“Come!” he said with some impatience; and the boy took up his hat.
In another minute Lucretia was alone.
“Alone,” in an English home, is a word implying no dreary solitude to an accomplished woman; but alone in that foreign land, alone in those half-furnished, desolate apartments,—few books, no musical instruments, no companions during the day to drop in,—that loneliness was wearying. And that mind so morbidly active! In the old Scottish legend, the spirit that serves the wizard must be kept constantly employed; suspend its work for a moment, and it rends the enchanter. It is so with minds that crave for excitement, and live, without relief of heart and affection, on the hard tasks of the intellect.
Lucretia mused over Gabriel’s words and warning: “To be safe, you must know all his secrets, or none.” What was the secret which Dalibard had not communicated to her?

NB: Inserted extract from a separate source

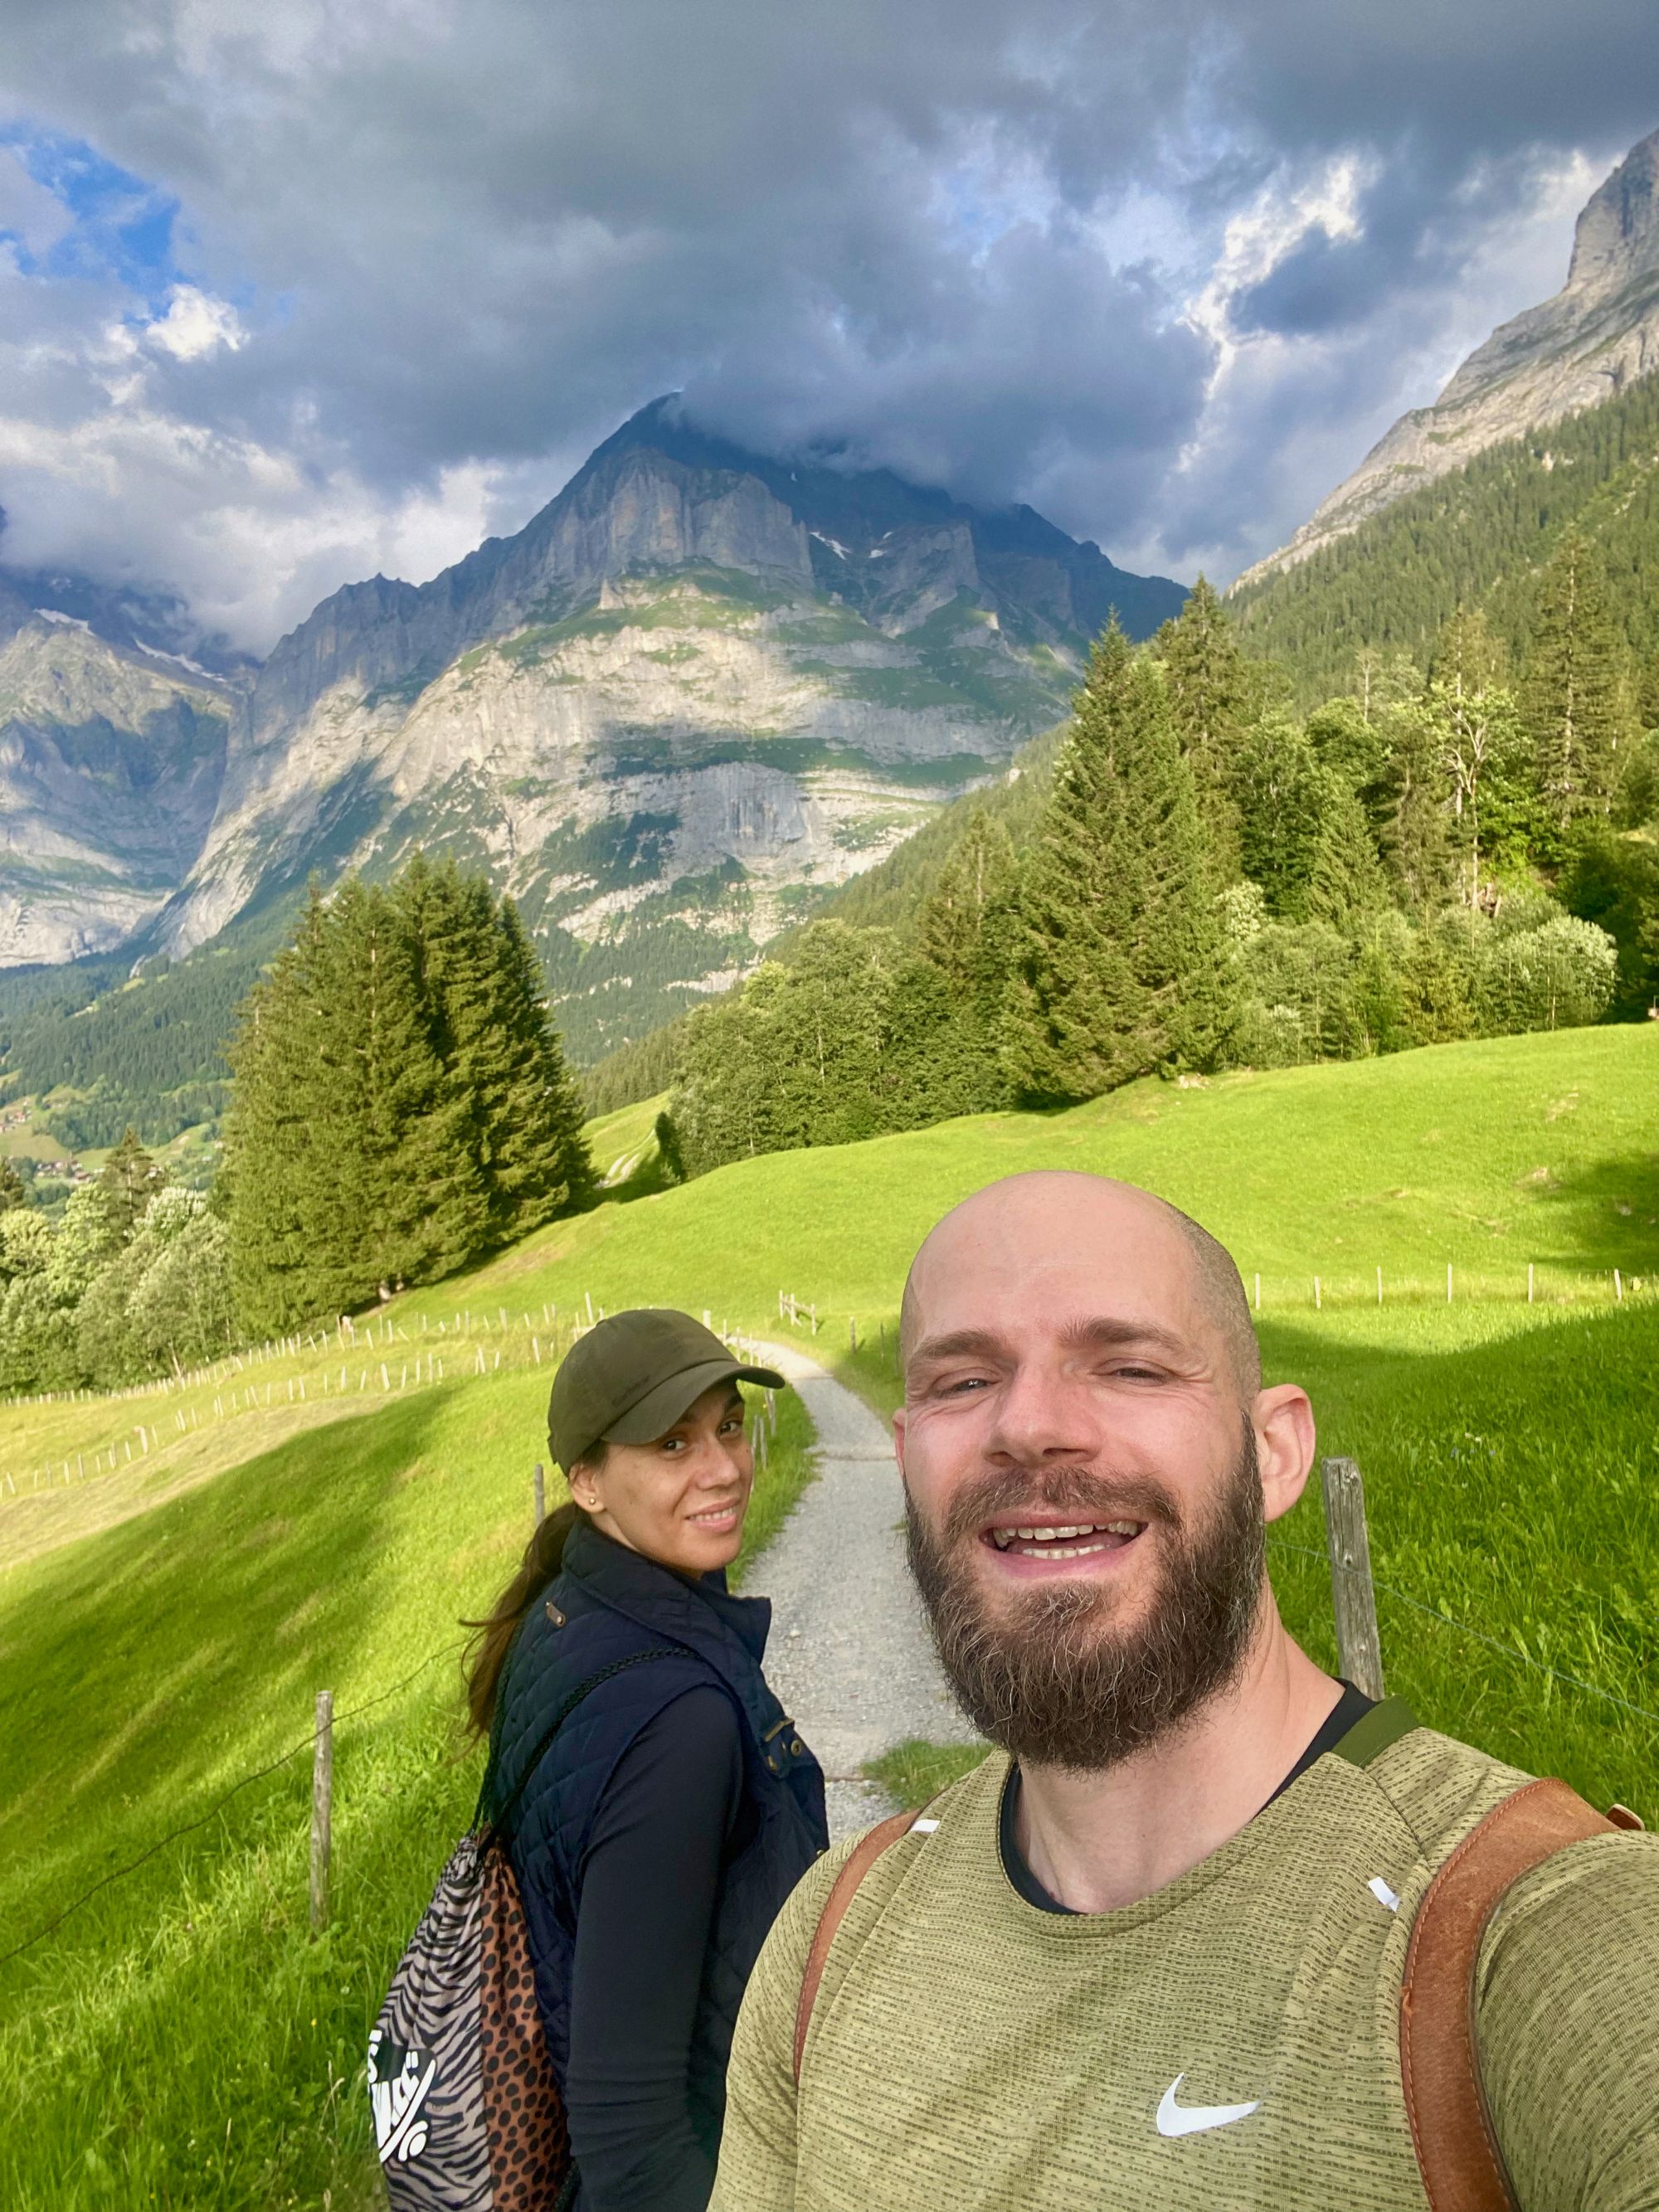 Second Road Trip Part 01: Our 5 Day Itinerary in Switzerland

She rose, stole up the cold, cheerless stairs, and ascended to the attic which Dalibard had lately hired. It was locked; and she observed that the lock was small,—so small that the key might be worn in a ring. She descended, and entered her husband’s usual cabinet, which adjoined the sitting-room. All the books which the house contained were there,—a few works on metaphysics, Spinoza in especial, the great Italian histories, some volumes of statistics, many on physical and mechanical philosophy, and one or two works of biography and memoirs. No light literature,—that grace and flower of human culture, that best philosophy of all, humanizing us with gentle art, making us wise through the humours, elevated through the passions, tender in the affections of our kind. She took out one of the volumes that seemed less arid than the rest, for she was weary of her own thoughts, and began to read. To her surprise, the first passage she opened was singularly interesting, though the title was nothing more seductive than the “Life of a Physician of Padua in the Sixteenth Century.” It related to that singular epoch of terror in Italy when some mysterious disease, varying in a thousand symptoms, baffled all remedy, and long defied all conjecture,—a disease attacking chiefly the heads of families, father and husband; rarely women. In one city, seven hundred husbands perished, but not one wife! The disease was poison. The hero of the memoir was one of the earlier discoverers of the true cause of this household epidemic. He had been a chief authority in a commission of inquiry. Startling were the details given in the work,—the anecdotes, the histories, the astonishing craft brought daily to bear on the victim, the wondrous perfidy of the subtle means, the variation of the certain murder,—here swift as epilepsy, there slow and wasting as long decline. The lecture was absorbing; and absorbed in the book Lucretia still was, when she heard Dalibard’s voice behind: he was looking over her shoulder.
“A strange selection for so fair a student! En fant, play not with such weapons.”
“But is this all true?”
“True, though scarce a fragment of the truth. The physician was a sorry chemist and a worse philosopher. He blundered in his analysis of the means; and if I remember rightly, he whines like a priest at the motives,—for see you not what was really the cause of this spreading pestilence? It was the Saturnalia of the Weak,—a burst of mocking license against the Strong; it was more,—it was the innate force of the individual waging war against the many.”
“I do not understand you.”
“No? In that age, husbands were indeed lords of the household; they married mere children for their lands; they neglected and betrayed them; they were inexorable if the wife committed the faults set before her for example. Suddenly the wife found herself armed against her tyrant. His life was in her hands. So the weak had no mercy on the strong. But man, too, was then, even more than now, a lonely wrestler in a crowded arena. Brute force alone gave him distinction in courts; wealth alone brought him justice in the halls, or gave him safety in his home. Suddenly the frail puny lean saw that he could reach the mortal part of his giant foe. The noiseless sling was in his hand,—it smote Goliath from afar. Suddenly the poor man, ground to the dust, spat upon by contempt, saw through the crowd of richer kinsmen, who shunned and bade him rot; saw those whose death made him heir to lordship and gold and palaces and power and esteem. As a worm through a wardrobe, that man ate through velvet and ermine, and gnawed out the hearts that beat in his way. No. A great intellect can comprehend these criminals, and account for the crime. It is a mighty thing to feel in one’s self that one is an army,—more than an army! What thousands and millions of men, with trumpet and banner, and under the sanction of glory, strive to do,—destroy a foe,—that, with little more than an effort of the will,—with a drop, a grain, for all his arsenal,—one man can do!”